Along with full details of Becky's recipe, Sainsbury's website had this statement from its chief executive:
"We took part in this documentary series because the idea at the heart of the four programmes is also a fundamental principle of our business - that great ideas can come from anyone in any part of the company."
But, hang on, I thought Mr King had "come up with a plan", not just agreed to a proposal put to him by a TV production company?
It's an important distinction - between a documentary, in the sense of a record of something that's happening, and a reality show, in which everyone has agreed to take part in events orchestrated for the purpose of a programme.
The evidence of last night suggested I'm Running Sainsbury's was more the latter: after all, if Sainsbury's was really just looking for good ideas from its staff it wouldn't have needed Becky to design new recipes (why not just use the old ones?) or to organise the implementation.

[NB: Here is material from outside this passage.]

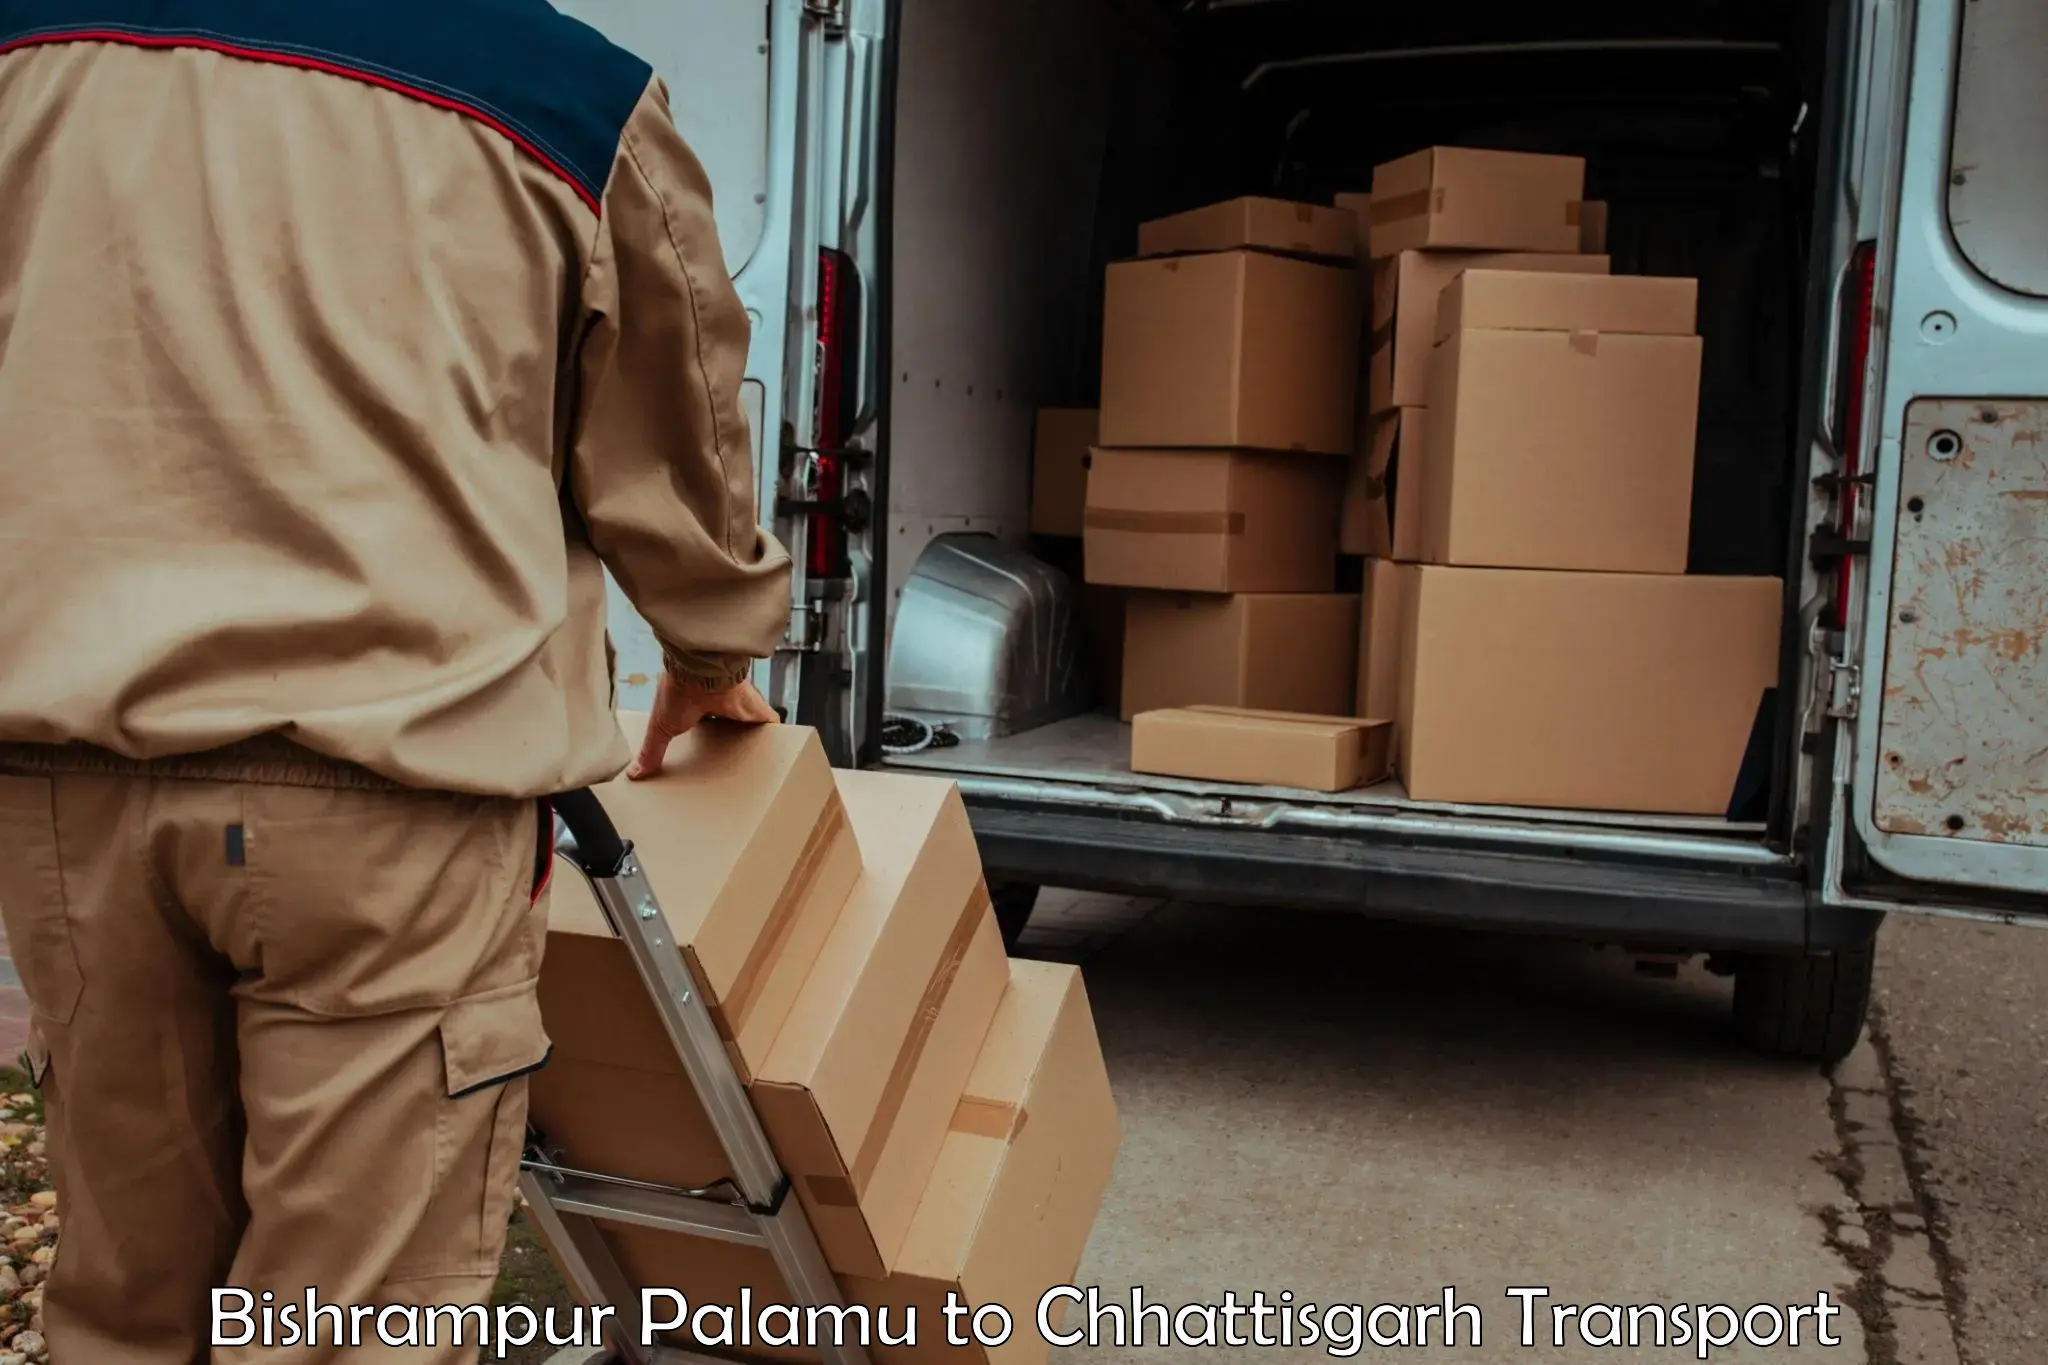 Goods delivery service Bishrampur Palamu to Raipur

And if it really wanted to give staff a chance like that, presumably her efforts would go into things like designing the bags (of which we saw nothing) rather than the recipes - which threatened to take us into another well-known TV genre.
It's true that the distinction between reality and documentary can be blurred: a viewer of The Apprentice might theoretically wonder at Sir Alan Sugar's extraordinarily elaborate recruitment process.
But there is an important difference between the two series. Sir Alan is committed to hiring a candidate, so there is something at stake for him as well as for them. In the Sainsbury's programme it was hard to see any risk for Sainsbury's in return for having its name and its stores on screen for most of an hour. It was seen to be giving its staff a chance (what a nice employer!), and if the ideas didn't come up to scratch the staff member still had a job to go back to, and therefore was likely to put a positive spin on the story.
Sainsbury's is clearly delighted with the outcome: it is paying for a sponsored Google link to the series page on its website which pops up when you search on the programme name.
As for viewers, well, more of them were off in another part of the high street, watching Mary Portas on Mary Queen of Charity Shops on BBC2 (2.6 million), leaving Sainsbury's with 1.6 million.